When copying the listing below, skip every picture and keep each word as it stands.

(Beginning of DATASET EXCERPT)

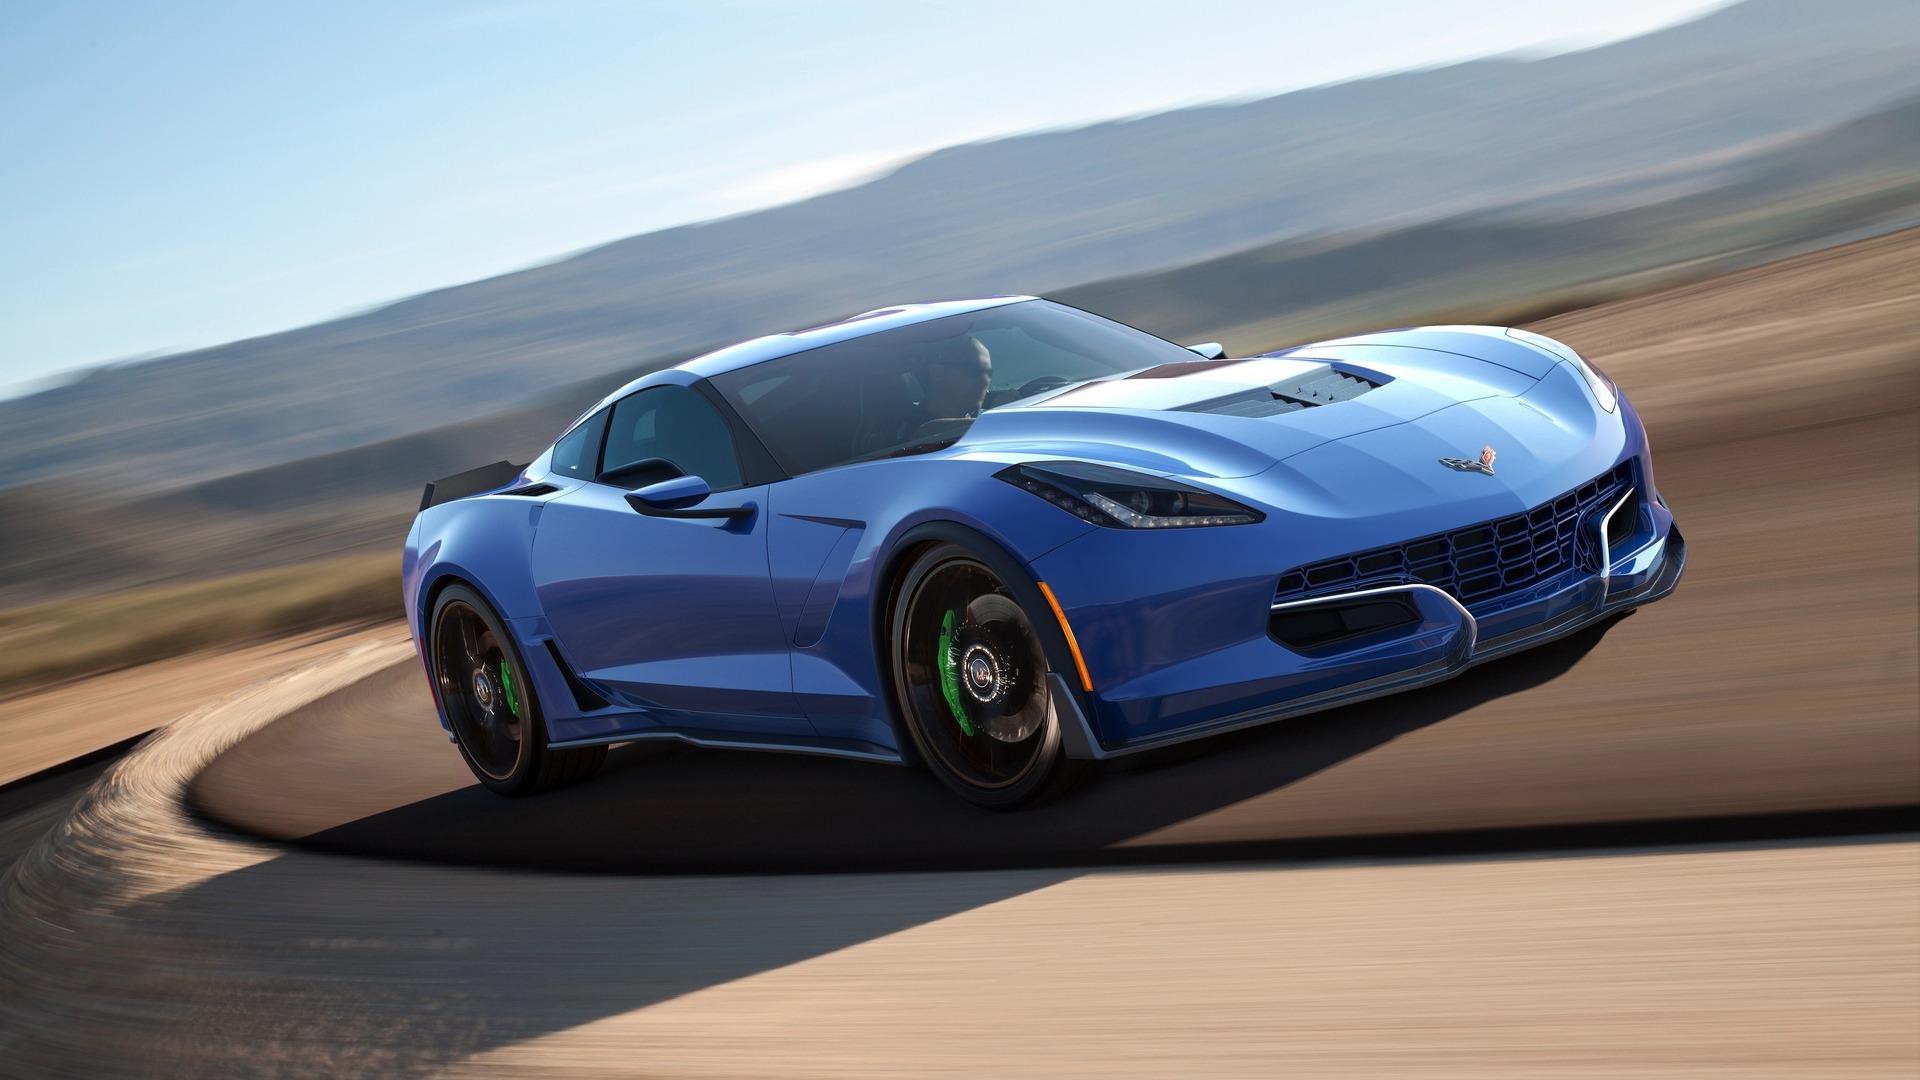 Genovation Corvette EV entering production with $750k price
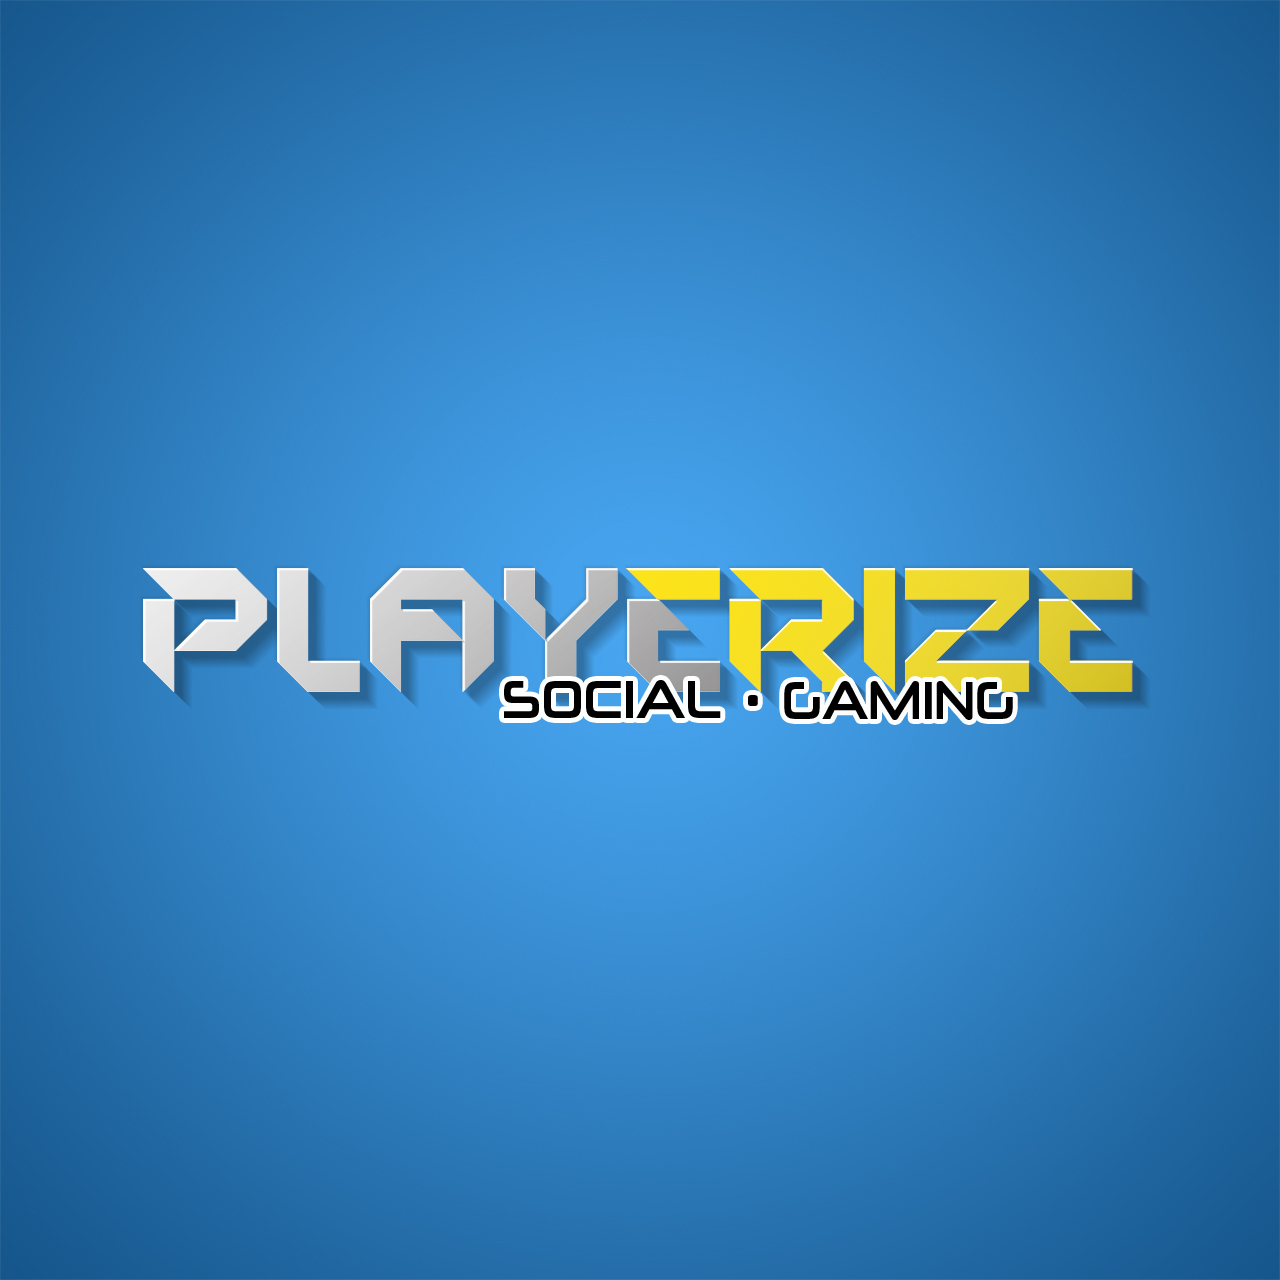 Logo Design by Beau.Design - Entry No. 34 in the Logo Design Contest Social Gaming Logo!.
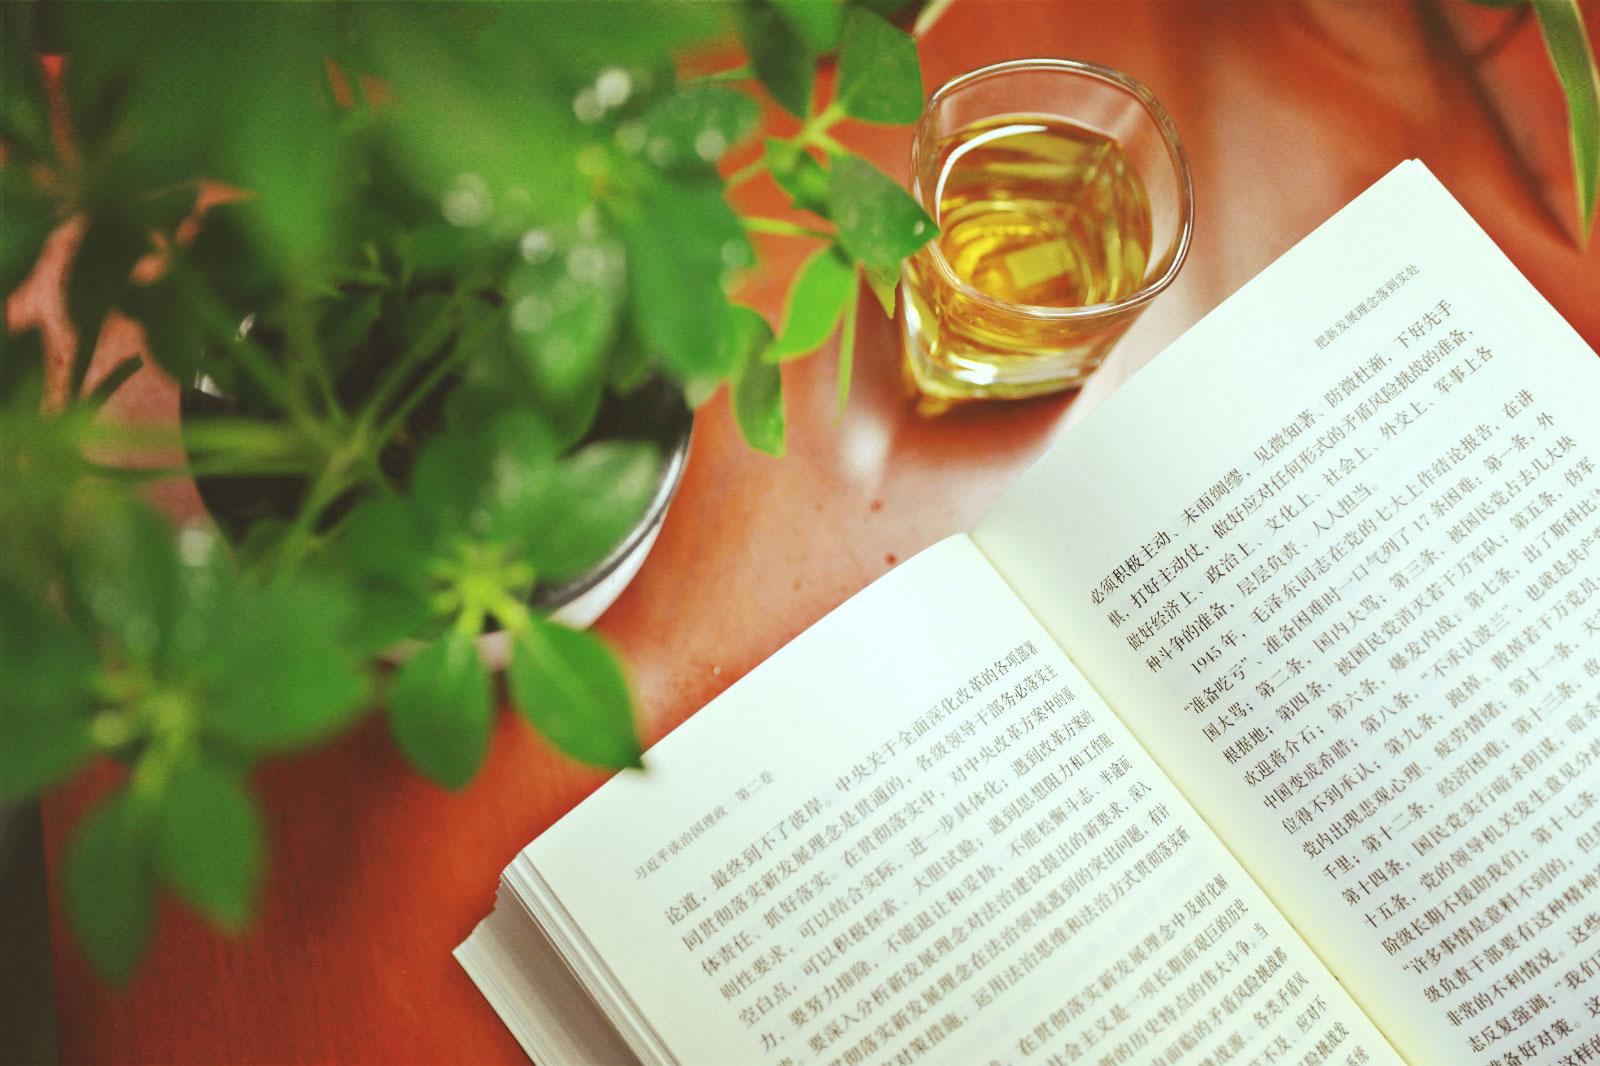 World Book Day celebrated online amid COVID-19 lockdown: UNESCO

(End of DATASET EXCERPT)

● **ANSWER BELOW**:
 Genovation Corvette EV entering production with $750k price
 Logo Design by Beau.Design - Entry No. 34 in the Logo Design Contest Social Gaming Logo!.
 World Book Day celebrated online amid COVID-19 lockdown: UNESCO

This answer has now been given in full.